Animus” against Phillips and his traditional Christian faith was, of course, at the heart of the U.S. Supreme Court’s sort-of decision on this matter, but, well, never mind. Why cover that part of the story?

So here is the latest from AP:

DENVER (AP) — A Colorado baker who refused to make a wedding cake for a gay couple on religious grounds — a stance partially upheld by the U.S. Supreme Court — and state officials said Tuesday that they would end a separate legal fight over his refusal to bake a cake celebrating a gender transition.

Colorado Attorney General Phil Weiser and attorneys representing Jack Phillips said they mutually agreed to end two legal actions, including a federal lawsuit Phillips filed accusing the state of waging a “crusade to crush” him by pursuing a civil rights complaint over the gender transition cake.

Phillips’ attorneys dubbed the agreement a victory for the baker. Weiser, a Democrat, said both sides “agreed it was not in anyone’s best interest to move forward with these cases.”

So what about the future? Here is what readers are told:

The agreement resolves every ongoing legal dispute between the owner of Masterpiece Cakeshop in suburban Denver and the state.
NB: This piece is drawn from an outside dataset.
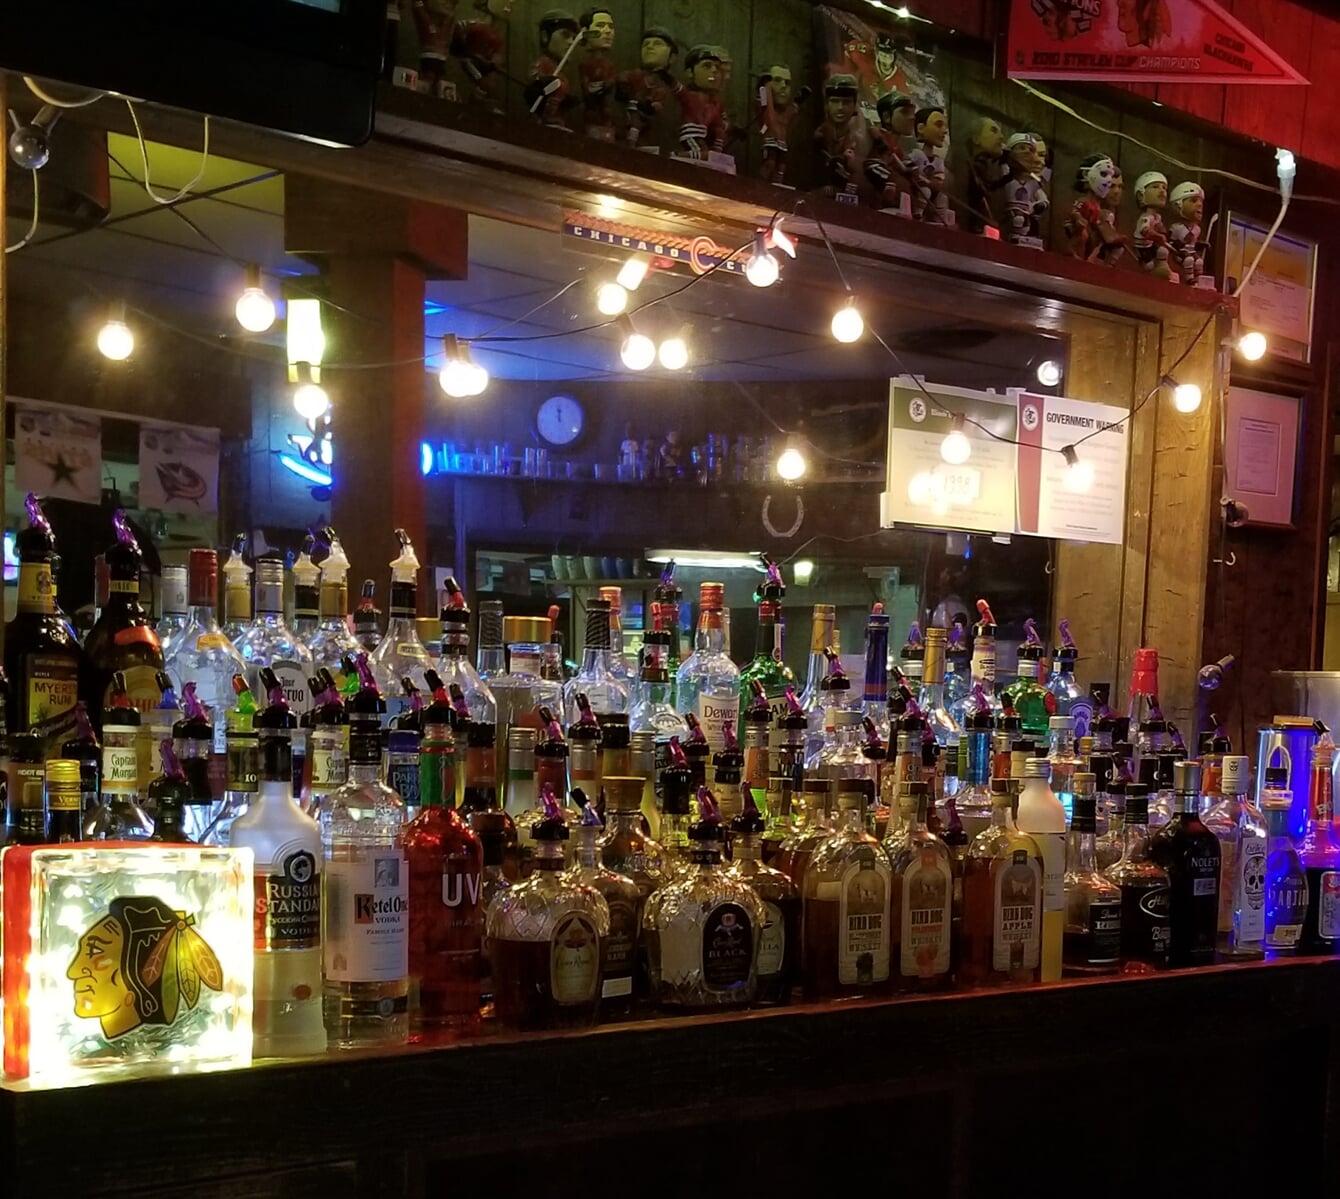 bar featuring hard liquor

Weiser’s statement said it has no effect on the ability of the Denver attorney who filed a complaint with the Colorado Civil Rights Commission to pursue her own legal action.

The attorney, Autumn Scardina, told the commission that Phillips refused last year to make a cake that was blue on the outside and pink on the inside for a celebration of her transition from male to female. She asked for the cake on the same day the U.S. Supreme Court announced it would consider Phillips’ appeal of a previous commission ruling against him.

The lede for this story, as is the mainstream news norm, fails to note the key facts that were at the heart of the original case.